La vida imposible de Karel Holemans: templario, pintor y agente doble del nazismo y la Resistencia
En ‘Los espías no hablan’, Carlos Holemans reconstruye la fascinante biografía de su padre a partir de la necesidad de entender quién era aquel hombre del que sabía tan poco
Vivir en el presente, sin muchos sobresaltos, mientras la historia duerme. Pensar que lo que ocurre depende más o menos de ti y que las circunstancias no se colarán por la ventana de tu casa para lanzarte al caos que no podrás controlar. Una vida tirando a convencional, algo aburrida, más bien estable. O la vida de Karel Holemans tal y como la ha reconstruido su hijo Carlos a través de recuerdos, entrevistas y trabajo de archivo. La vida de un hombre que entró en el laberinto de la historia y que no pudo salir de él, desterrado para siempre y cada vez más pobre. Un tipo nacido en 1910 en un pueblecito flamenco, en el hotel propiedad de una familia más bien burguesa y católica. Un tipo que muere en la habitación de un hospital de Tarragona, en 1979, acompañado por su mujer, Teresa, hija desheredada de una familia de empresarios del cava. En el centro cronológico de esa biografía, la II Guerra Mundial, la ocupación alemana de Bélgica, el espionaje y un intento de domar al monstruo de la historia que acabó en España sin posibilidad de poder regresar a su país porque allí estaba condenado a muerte.

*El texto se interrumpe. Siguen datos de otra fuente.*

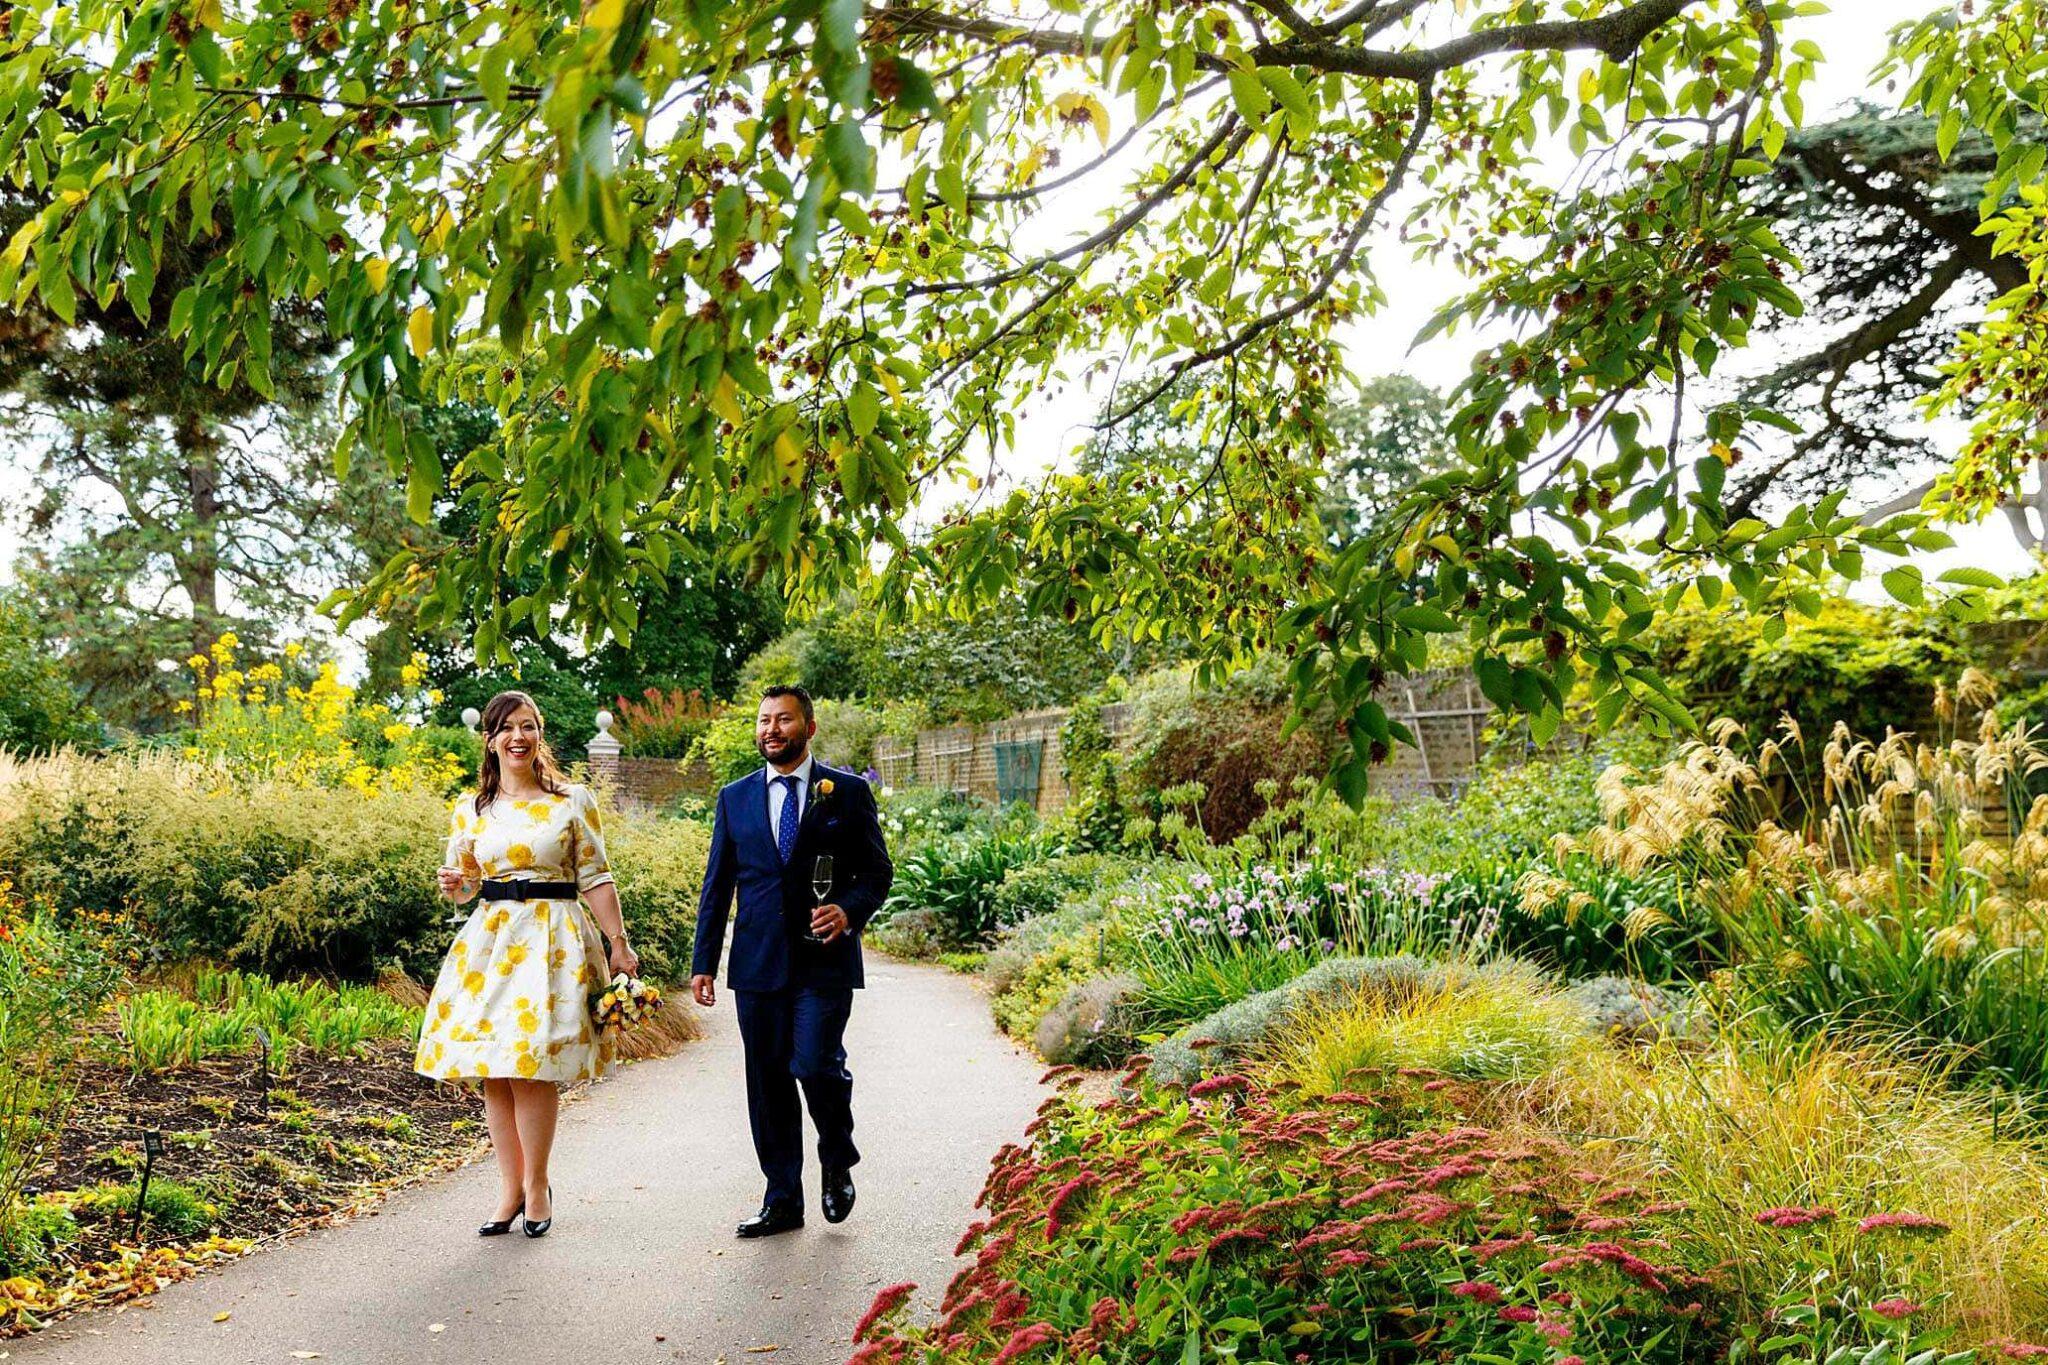 Cambridge Cottage wedding photos of Katy and Rico

Durante muchos años Holemans se dedicó a la pintura. En el Reina Sofía se conserva un óleo suyo. Se titula Brumas y, según consta en su ficha, este artista de la tradición simbolista lo pintó en 1944. Aparentemente, todo iba bien. Aunque cobraba del espionaje nazi por informar desde España, la otra misión que le había llevado a la Península ya la había cumplido. Elegante, simpático, juerguista y mujeriego, de aspecto bohemio y conducta pícara, había llegado a Lisboa y entregado el archivo del grupo secreto al que pertenecía: la Orden Soberana y Militar del Templo de Jerusalén. Confundidos por masones, los templarios estaban amenazados. Holemans, actuando como agente doble, al servicio de la Resistencia, trasladó el archivo del maestro a un país neutral, una operación que llevó a buen puerto al tiempo que inauguraba exposición en Madrid con autoridades del régimen, algún nazi por aquí, algún fascista por allá. Aún no veía las brumas, pero la niebla de la historia estaba allí. El espía nazi que lo contrató era el amante de su mujer, su padre pronto iba a ser encarcelado tras la liberación de Bélgica por colaboracionista y el hombre que le hizo el pasaporte falso para entrar en Portugal murió en un campo de concentración. Lo tenían pillado.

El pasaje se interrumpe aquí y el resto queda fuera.